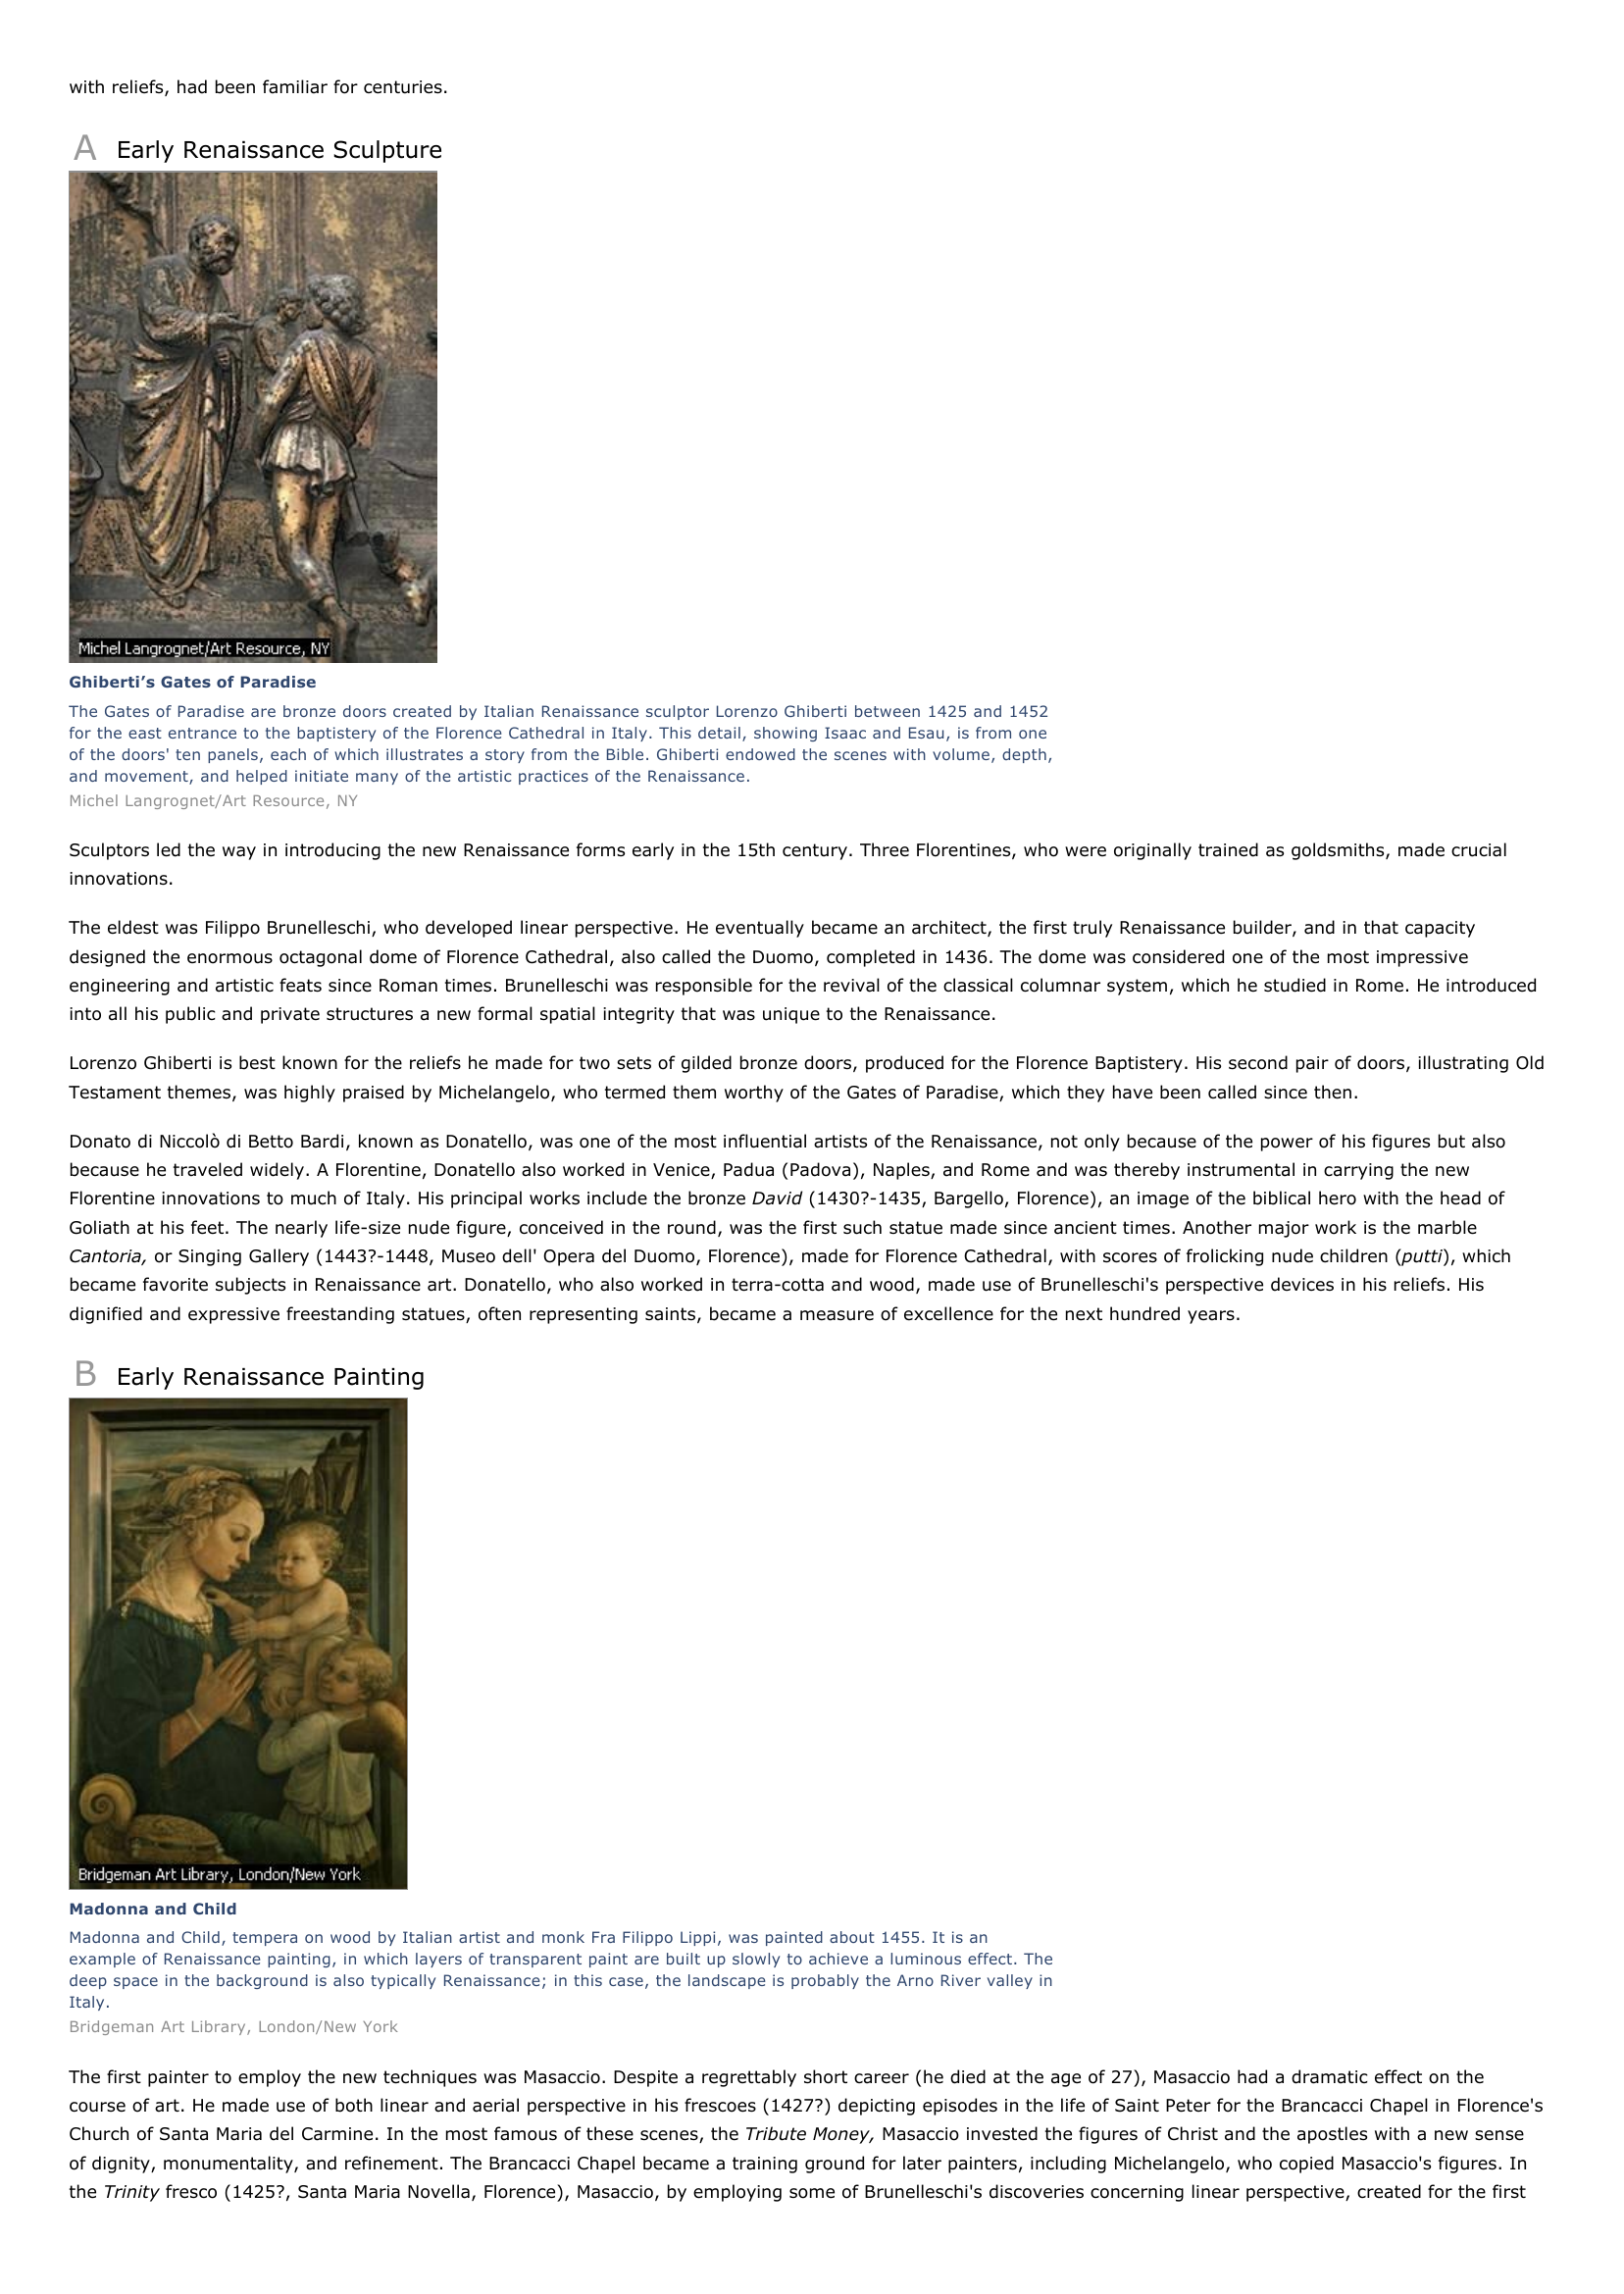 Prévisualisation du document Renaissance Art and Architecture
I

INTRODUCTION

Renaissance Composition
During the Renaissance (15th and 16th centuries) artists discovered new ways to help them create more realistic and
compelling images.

= = =

**Work required**
Output the lines above in full and exactly as given, omitting any pictures.

**Result**
 Prévisualisation du document Renaissance Art and Architecture
I

INTRODUCTION

Renaissance Composition
During the Renaissance (15th and 16th centuries) artists discovered new ways to help them create more realistic and
compelling images.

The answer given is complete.